Molecular Imaging / Cryo-EM
Detailing life one molecule at a time

A tiny grid that will be coated with a purified protein and then plunged into liquid nitrogen before it’s transferred into the cryogenic electron microscope.

The colorful picture to the left is an actual image of a single heart protein, a molecule that attaches cells to their surrounding environment, called metavinculin. It was obtained through a technology called cryogenic electron microscopy, or cryo-EM. The Molecular Imaging Group at The Wertheim UF Scripps Institute studies the structures of macromolecules, their complexes, cell organelles and other biological systems, through the use of advanced cryo-EM and cyrogenic electron tomography. The ability to visualize such important biological molecules including proteins, viruses and antibodies has been made possible only recently. The UF Scripps campus added this Nobel Prize-winning technology in 2020 when it purchased a cryogenic electron microscope from Jeol, the CryoARM300.

Visualizing the structures of important disease‐related molecules advances scientific knowledge and empowers scientists to custom design potential new vaccines or cancer-fighting medicines.

To visualize a biomolecule, researchers first select a screen-like grid so tiny that it requires forceps to hold. The screen is coated in a film of the molecule to be studied, and then transferred to a device called a plunge freezer that is filled with liquid nitrogen and liquid ethane. This cools the sample to hundreds of degrees below zero, so rapidly that any water molecules around it take on a glass-like, vitreous quality. The sample is then loaded into the microscope, which passes a high-brightness electron beam through it. Thousands of images are captured and then stitched together digitally to form a 3D image.

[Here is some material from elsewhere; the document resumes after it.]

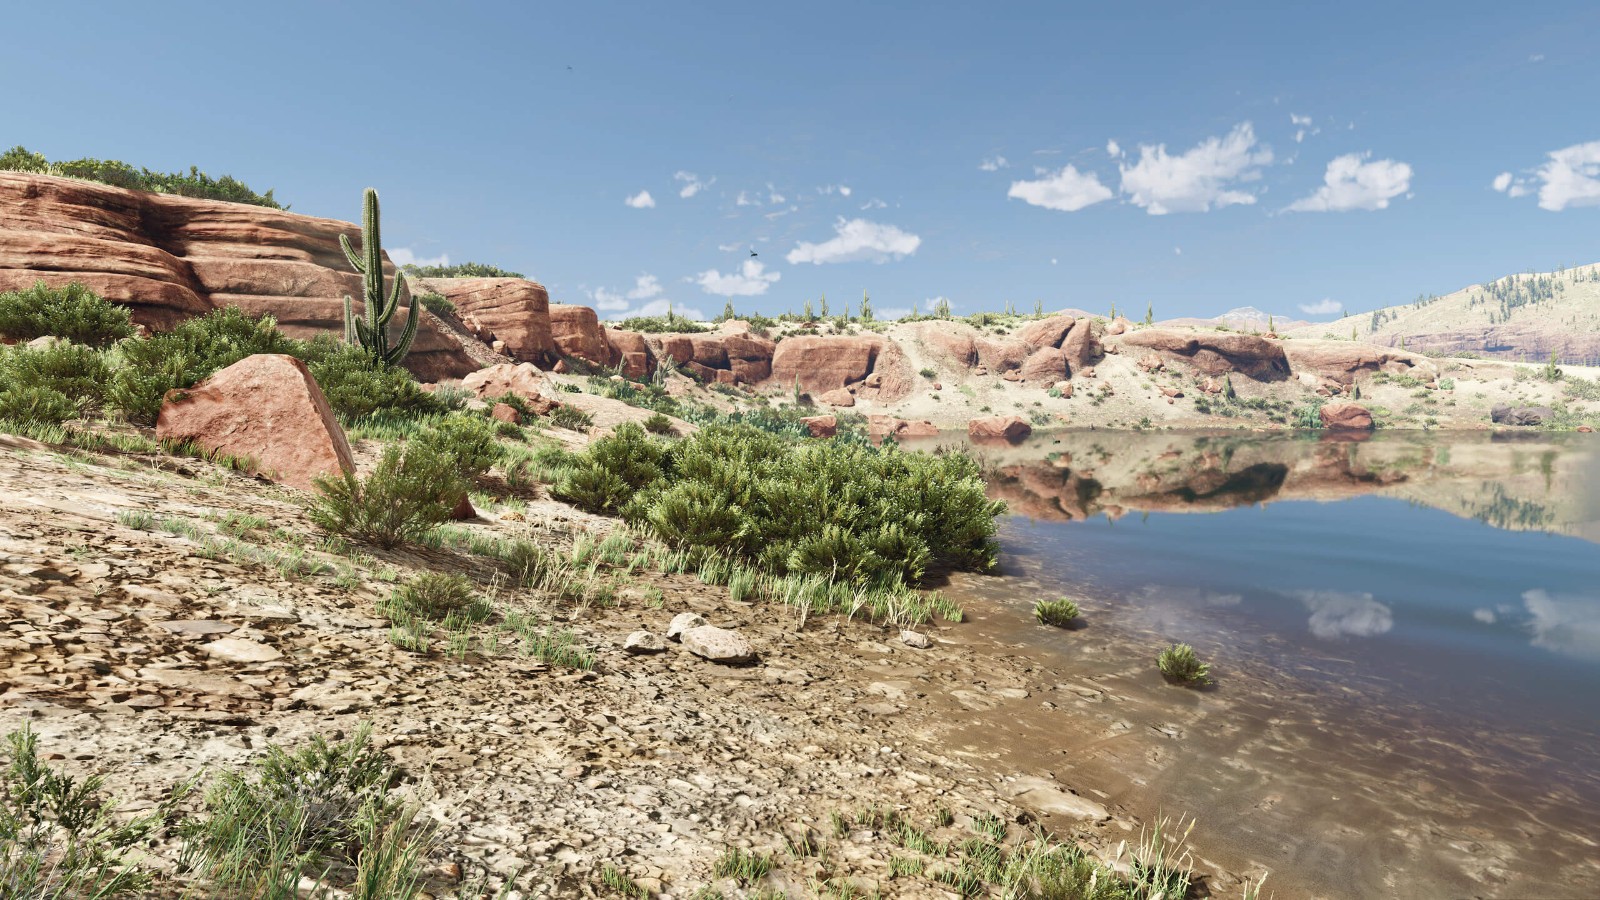 《荒野大镖客2》高清材质包 让地面和岩石更真实

Cryo-EM at The Wertheim UF Scripps Institute

The CryoEM structure of GPR158, involved in mood disorders, from Martemyanov lab.

Brain Research

Scientists at The Wertheim UF Scripps Institute have determined the near-atomic-scale structure of an unusual brain-cell receptor called GPR158, which has been linked to depression and anxiety.

The team’s structural study reveals both the receptor and its regulating complex, advancing understanding of basic cell receptor biology. It also enables work on potential therapeutics designed to block GPR158 as a strategy for treating depression, anxiety and possibly other mood disorders.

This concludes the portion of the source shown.